Чердынь, безусловно, стала существенным фактом в биографии Мандельштама и немаловажным узлом контрапунктирующих мелодий в его творчестве. Поэтому не случайно место проведения IV чтений, как не случаен и чрезвычайный интерес к возможности приехать в маленький городок на берегу северной реки Колвы, возникший у ведущих мандельштамоведов мира. Француженки, немки, американец, англичанин, не говоря уже об армянине, — все они великолепно владели русским языком, да каким! Образным, ритмически выстроенным. Впрочем, и чердынские жители отнюдь не провинциальный культурный уровень продемонстрировали. Даже гости признали, что стихи Мандельштама они читают замечательно, лучше, чем маститые литературоведы. Важно отметить, что не только люди зрелые, но и молодежь чердынская не робеет прикоснуться к поэзии. Отваживаются даже на собственные поэтические опыты и, смеем утверждать, весьма многообещающие. Видно, здешний воздух и вправду насыщен стихотворящими дрожжами интонаций и метафор.
Конечно, со времени пребывания Мандельштама в Чердыни прошло немало лет, и способных рассказать о той эпохе «из первых рук», а то и предъявить материальные свидетельства, не осталось. Приходится сожалеть о знаменитых часах в больничной палате. У Осипа Эмильевича возникла идея фикс: будто за ним придут и уведут на расстрел именно в шесть часов вечера. По совету больничной кастелянши, жена потихоньку перевела стрелки, а потом указала мужу на циферблат: уже четверть восьмого, а ничего не случилось!.. Хитрая терапия, между прочим, оказала на психику поэта благотворное влияние.

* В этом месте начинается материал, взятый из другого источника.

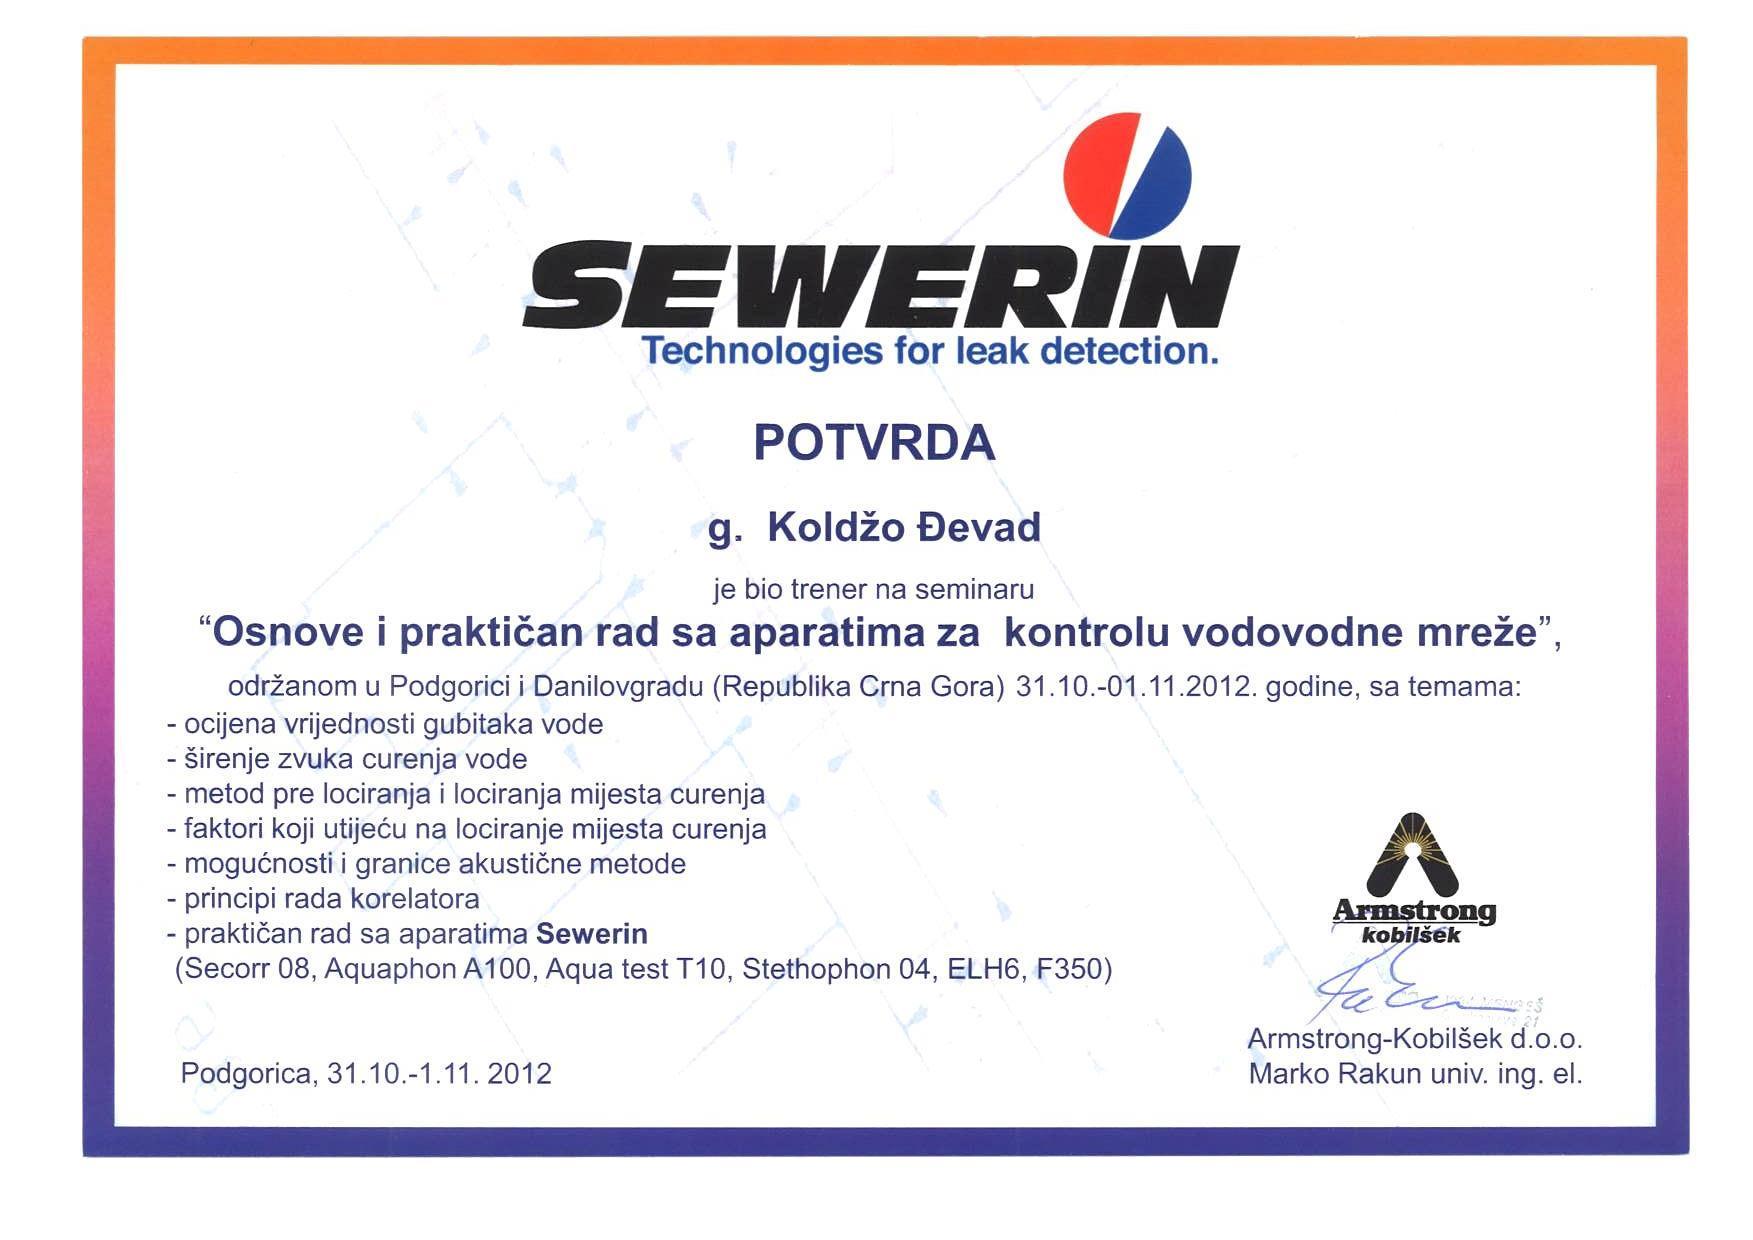 SEWERIN Cetrtificat bosnian

Часы вряд ли обнаружатся, зато нашелся... умывальный шкаф, которым в больнице пользовался Мандельштам. Он хранится в доме Елены Ивановны Пушвинцевой. На одно из заседаний научного семинара она принесла металлическую мыльницу от этого умывальника и передала в дар чердынскому музею им. Пушкина. Пообещав вскоре и сам умывальник отдать. Мемориальная вещь вызвала сенсацию среди мандельштамоведов.

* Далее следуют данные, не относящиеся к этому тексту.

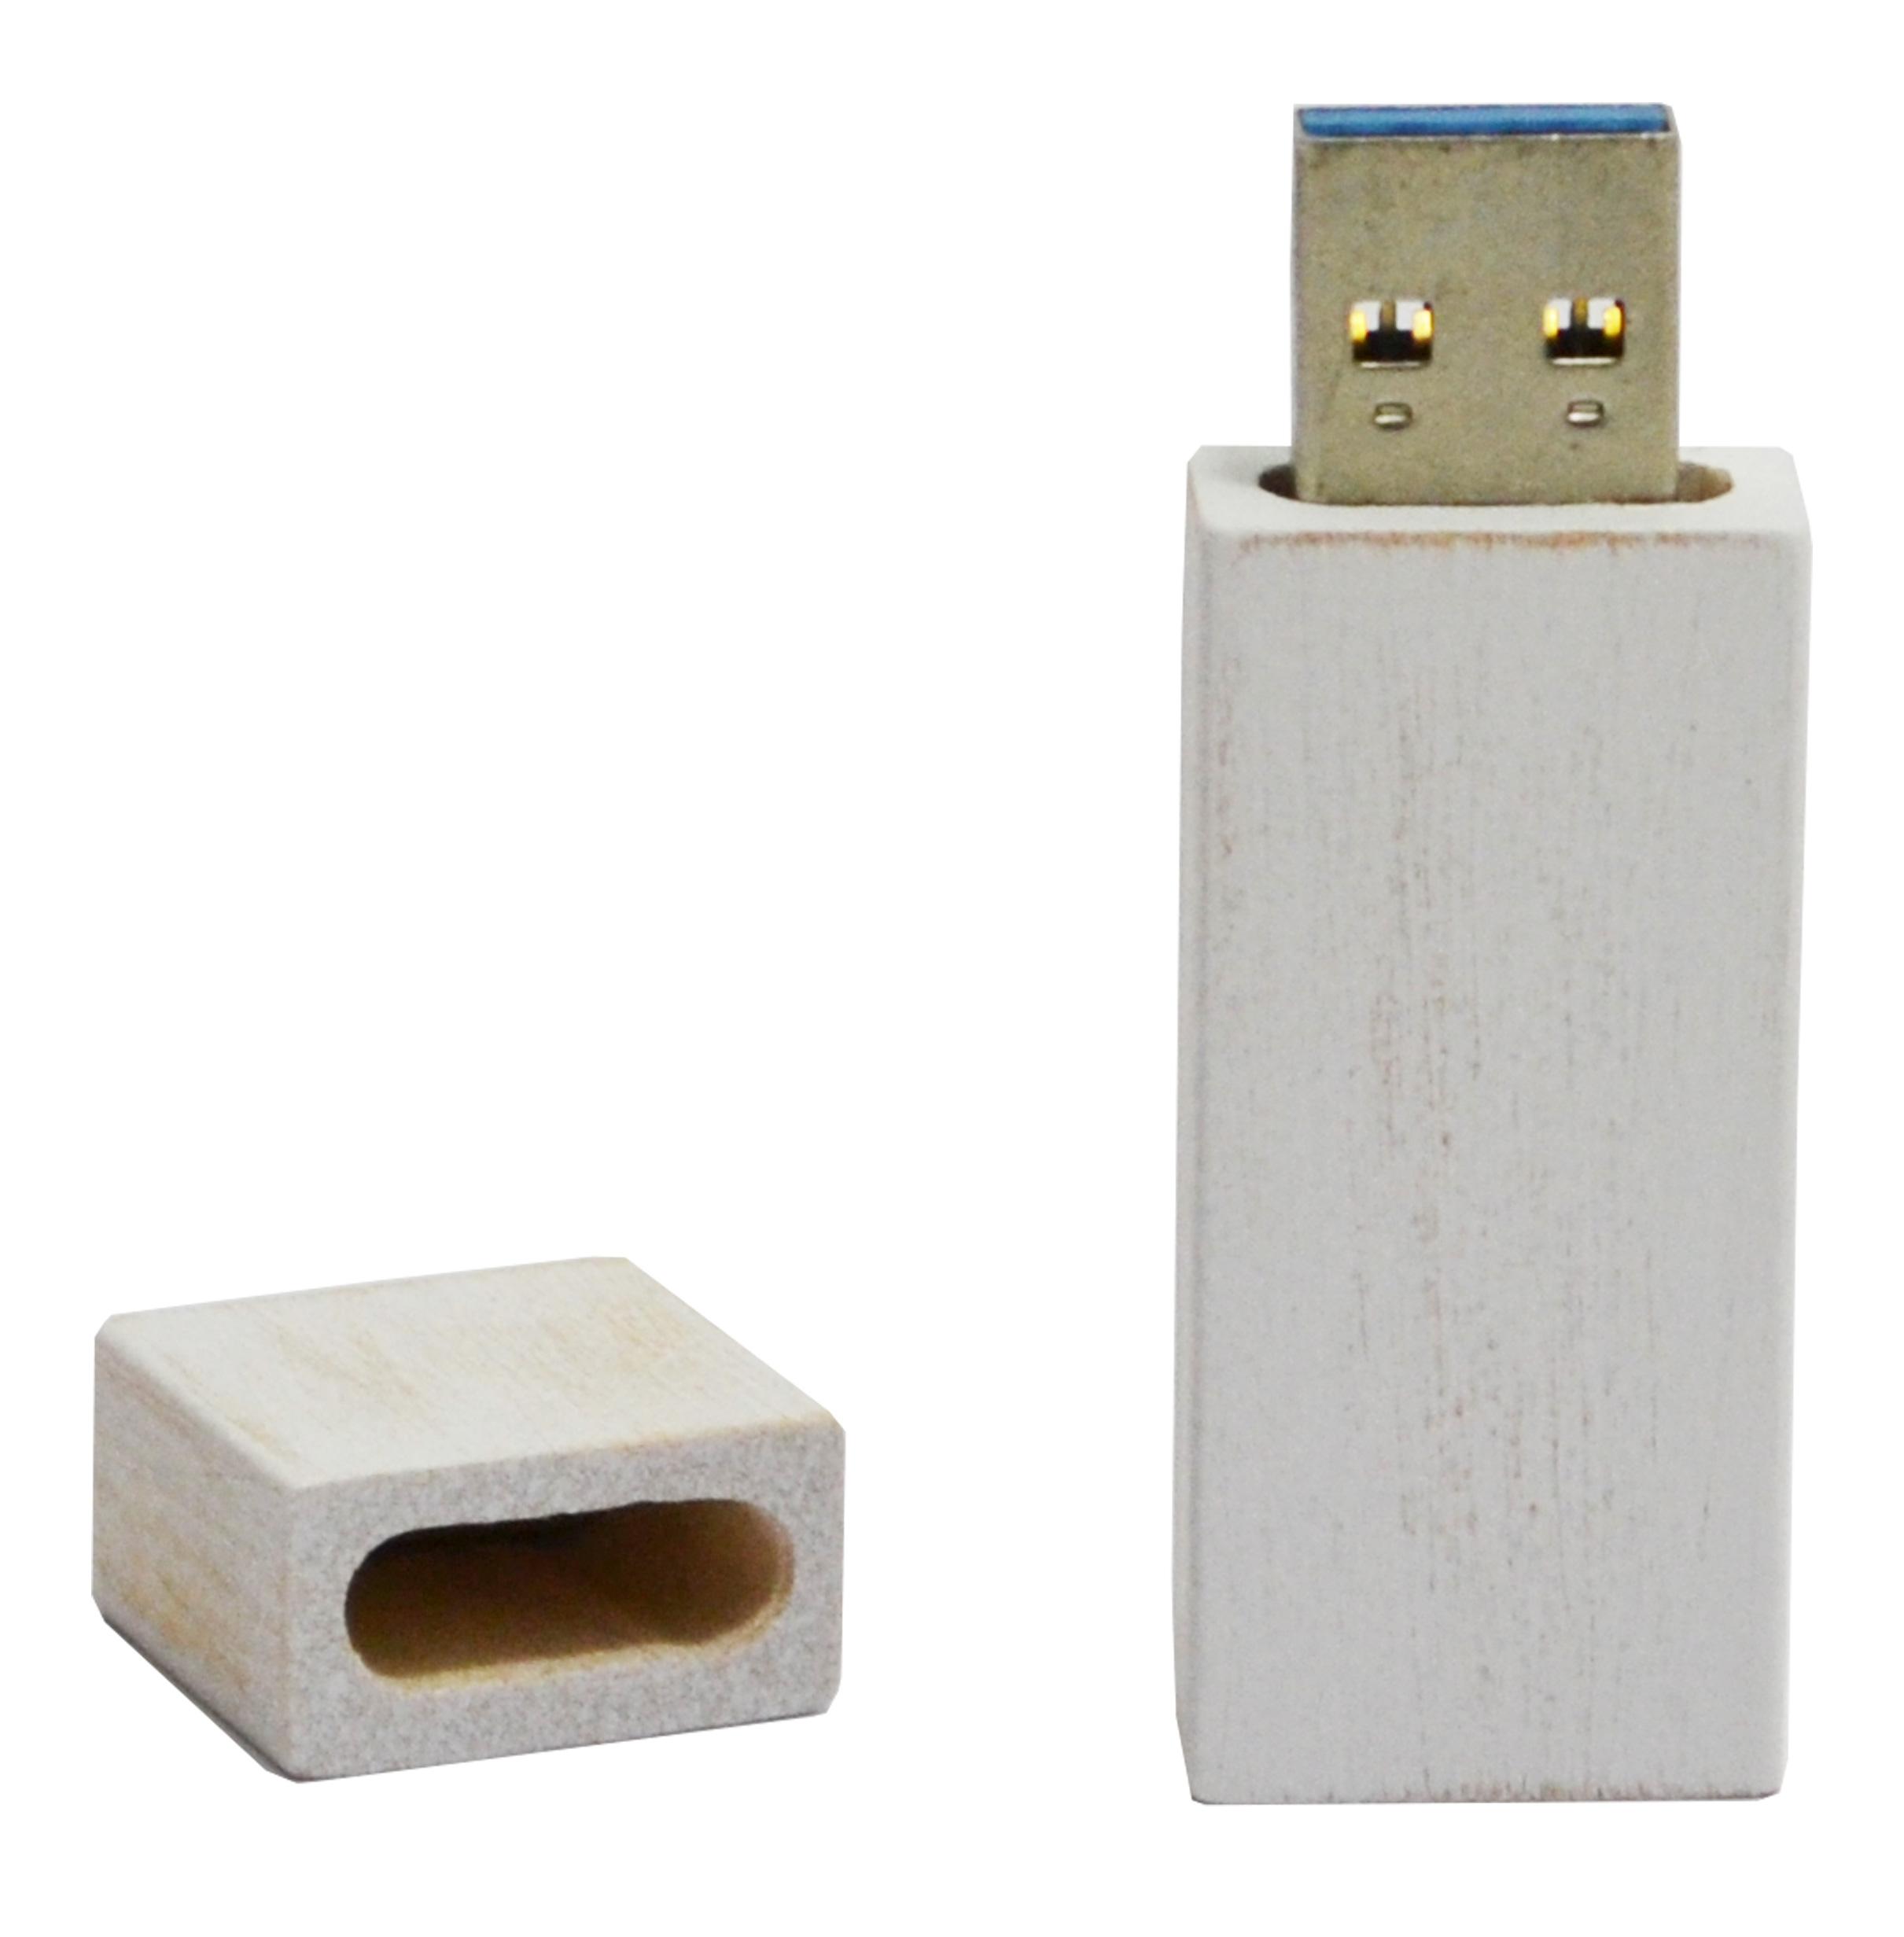 Houten USB geheugenstick

Председатель Мандельштамовского общества Павел Нерлер рассказал о проектах этой организации. На завершающей стадии находится почти двадцатилетняя работа над «Мандельштамовской энциклопедией», двухтомной, включающей в себя не только многие сотни статей, но и полную библиографию, солидную иконографию, словари рифм и метров. Готовится к выходу очередное, почти «академическое» шеститомное собрание сочинений. Вот-вот откроется первый музей Мандельштама — в городе Фрязино Московской области, и одним из его экспонатов станет первая — временная — памятная доска, висевшая с 1999 г. на здании больницы. На www.mandelstam-world.org создается объединенный электронный мандельштамовский архив из материалов, хранящихся в российских собраниях и в Оксфорде.
А в самой Чердыни всерьез обсуждается вопрос об установке памятника Осипу Эмильевичу. Не случайно эмблемой IV Мандельштамовских чтений стал эскиз пермского скульптора Рудольфа Веденеева «Побег», запечатлевший самый драматичный момент пребывания поэта в городе на Колве.
Может, когда-нибудь здесь появится и улица, носящая имя великого поэта...
Мы-земляки (Пермь), 2009, № 5.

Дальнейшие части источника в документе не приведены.